Tom was not officially listed as “killed in action” until April 7, 1945. After the war, a veteran who was the pilot behind the aircraft in which Staff Sergeant Thomas F. Bricen was a turret gunner visited the Bricen families in Weedville. He described that last fateful mission, the one that ended with the B-25 Mitchell Bomber on fire in a fierce vertical descent, carrying Tom and the crew to their death in the Mediterranean Sea.

For Tom’s widow and daughter, whose lives necessarily had to go on, here in brief, is that story. Dorothy moved to Erie where some five years later she became Mrs. Carl J. Miller. She had five more children. She and her husband operate a Honda ATV dealership known as Forest Park Enterprises. At the time of my phone conversation with her, while she was at home in between trips to Florida for the winter, she was doing the quarterly reports for the business. She is 80 years young.
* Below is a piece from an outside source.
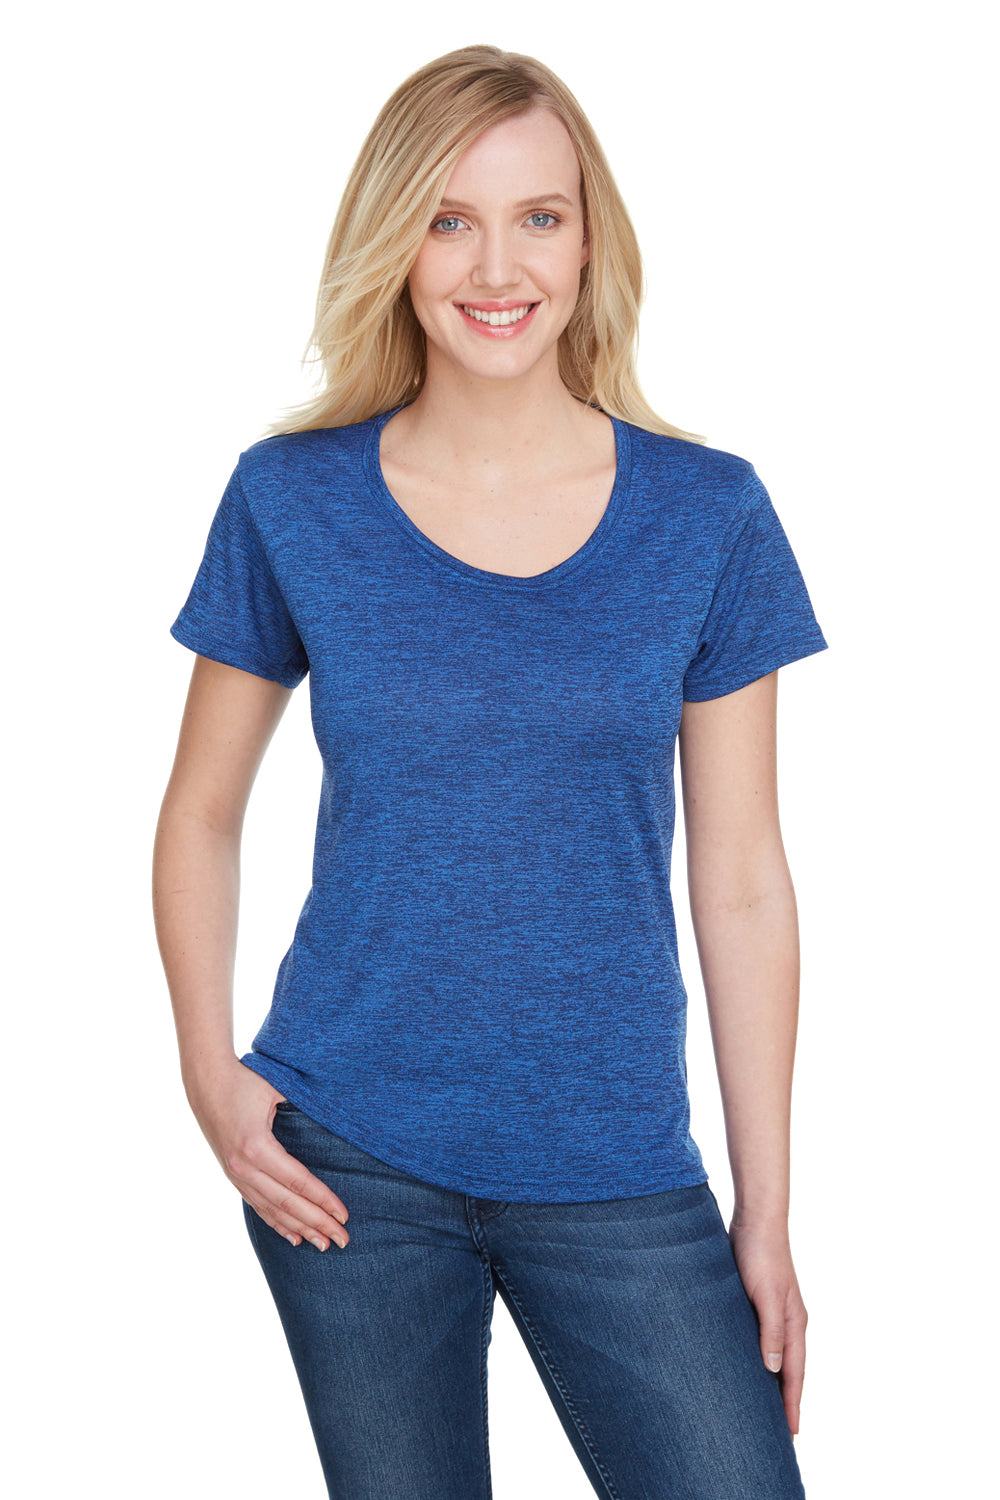 A4 NW3010 Womens Tonal Space Dye Short Sleeve Scoop Neck T-Shirt Royal Blue Front

In my visit with daughter, Dianna, now Mrs. Wayne Dauber, also of Erie, it was learned that she returned to Weedville for her senior year of high school to graduate from the Alma Mater of her father; the year 1960, 20 years after her father’s graduation. Dianna and her husband have three children and six grandchildren. Dianna is secretary of Forest Park Enterprises.

Tom, whose body was never recovered, has a grave marker in the Florence American Cemetery and Memorial in Florence, Italy. Also, the family chose to place a tombstone in Gardner Hill Cemetery alongside his mother, Agnes Gardner Bricen.

Tom, like the other GI’s in this series, must have been a super guy. Also found in his book of notes was the poem, How Sweet You Are? He added Dear Dotty. It reads as follows:


Dear Dotty, 

How sweet you are, how

Sweet you are,

How dear your tenderly

Smiling face,

Thru days all bitter and

Gray and grim,

Thru nights when even the

Stars are dim;

How sweet to know my

Heart can glow

From just the warmth of

Our first embrace,

The world’s a lovelier

World by far

When I remember how

Sweet you are.


No doubt, Staff Sergeant Thomas J. Bricen Jr. was a young, handsome, romantic man. He, like so many others, died for our freedom.

“Lest we forget…”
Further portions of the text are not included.